Hospital hallway with data on side door.

Federal legislative and regulatory measures enacted since 2010 have fundamentally altered Medicare provider payments — and consequently, the operational landscape for hospitals across the United States. As part of an ongoing dialogue on health policy reform and fiscal strategy, it's crucial for hospital administrators and healthcare professionals to understand the breadth and depth of these payment adjustments. 

That's why DataGen released the Enacted Medicare Cuts Analysis as part of our legislative analyses suite, which is intended for advocacy purposes only.  We looked at the extent to which hospitals have been impacted by existing Medicare provider payment cuts that Congress has enacted to achieve Medicare payment policy and/or long-term deficit reduction goals. The impacts shown in this analysis include the major cuts enacted since 2010. 

In this blog, we'll cover the enacted legislative cuts, enacted regulatory cuts and quality programs analyzed in the Enacted Medicare Cuts Analysis.   

The legislative landscape: A bird's-eye view 

DataGen analyzed the following legislative actions that have had a marked impact on Medicare reimbursement: 

  • The Affordable Care Act of 2010 included adjustments to the Medicare market basket, Medicare Disproportionate Share Hospital funding and quality adjustments. Note: quality adjustments are broken out into their own category in this analysis. 
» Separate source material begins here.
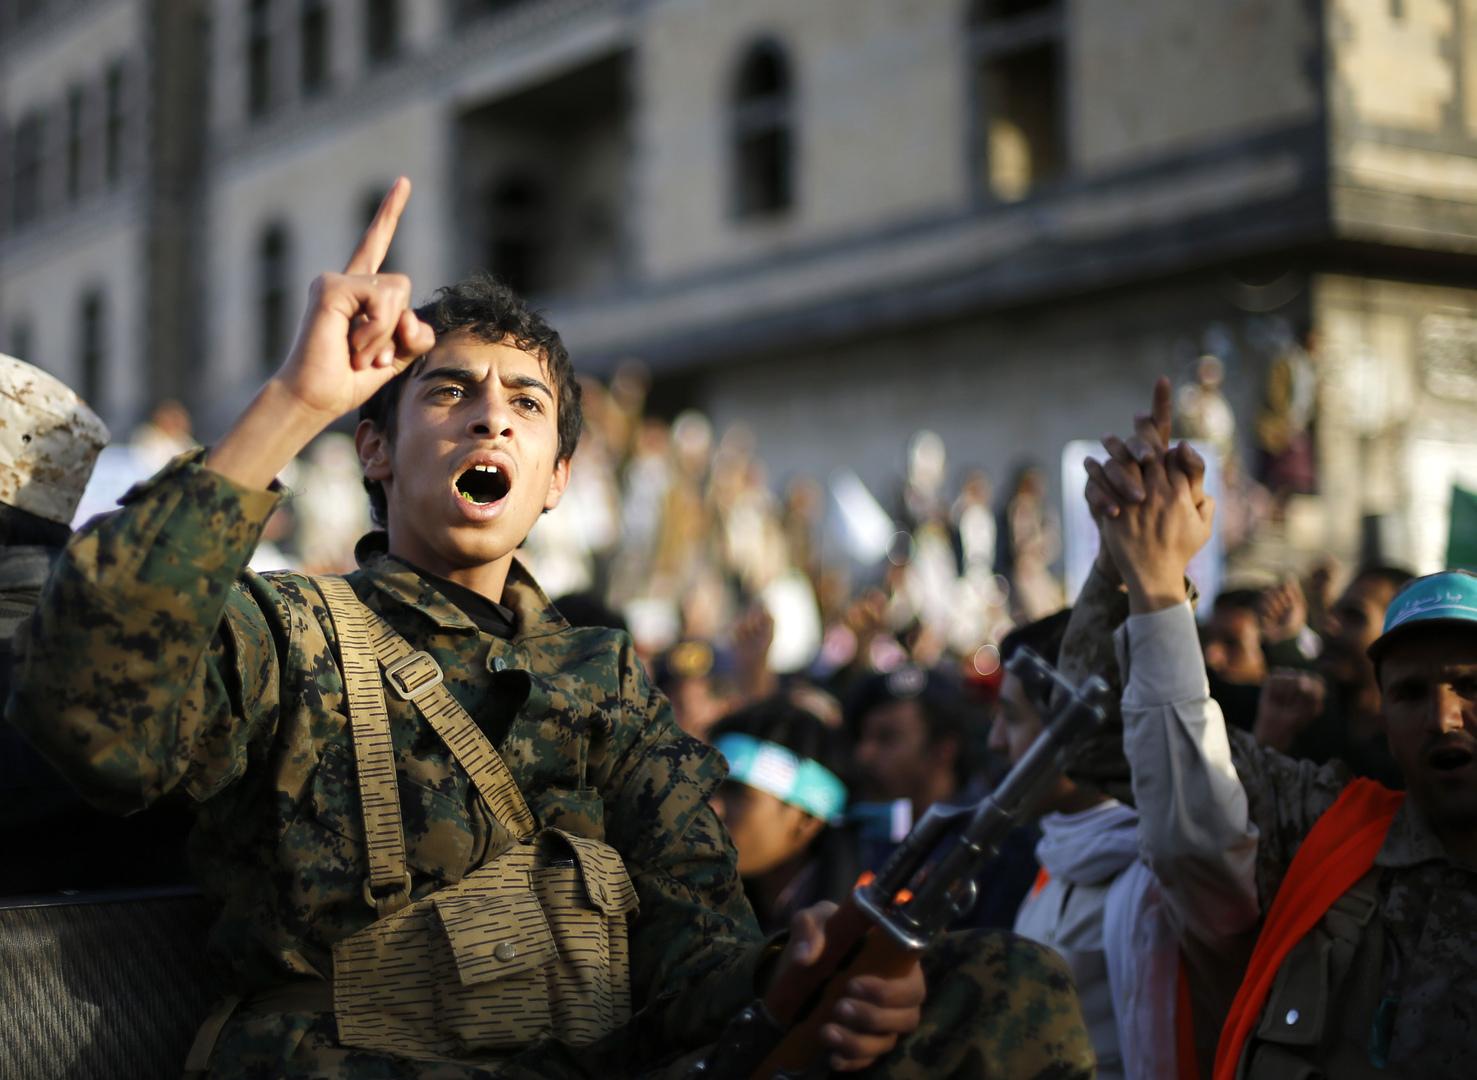 في ظل تقدم الحوثيين في الجوف.. الأمم المتحدة تدعو لإبعاد مأرب عن دائرة القتال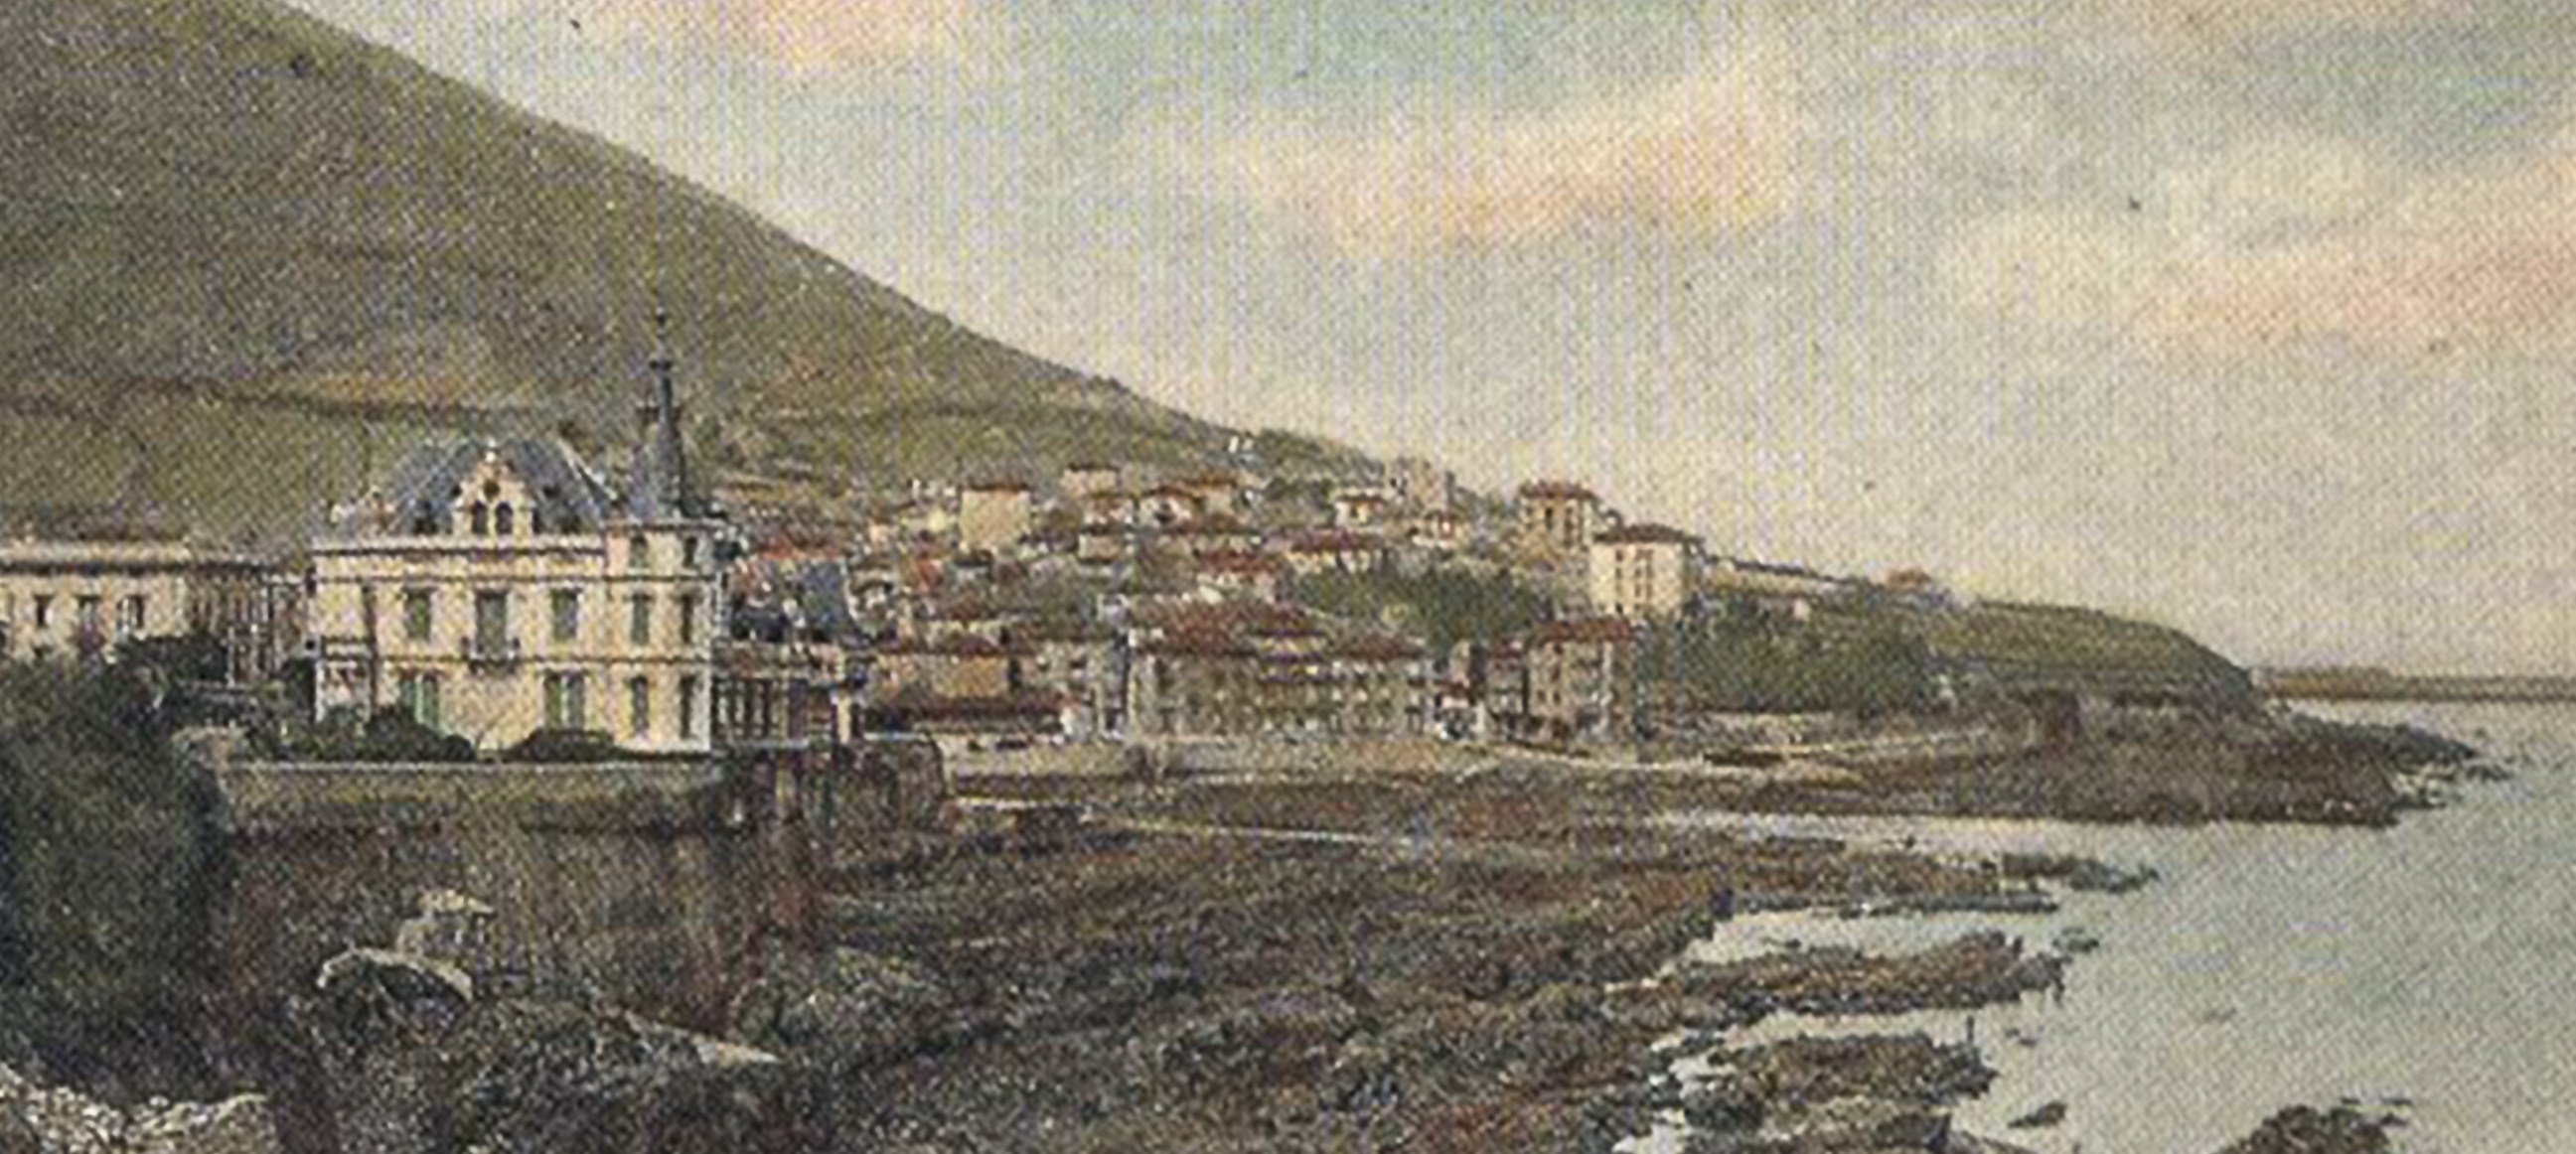 0668 Santurtzi_2

  • The Budget Control Act of 2011 triggered a 2.0% across-the-board sequestration reduction to payment rates. 

  • The American Taxpayer Relief Act of 2012 and subsequent legislation (Middle Class Tax Relief and Job Creation Act of 2012) authorized reductions related to inpatient coding adjustments and bad debt reimbursement, among other changes. 

  • The Protecting Access to Medicare Act of 2014 authorized payment adjustments for services paid for under the clinical laboratory fee schedule. 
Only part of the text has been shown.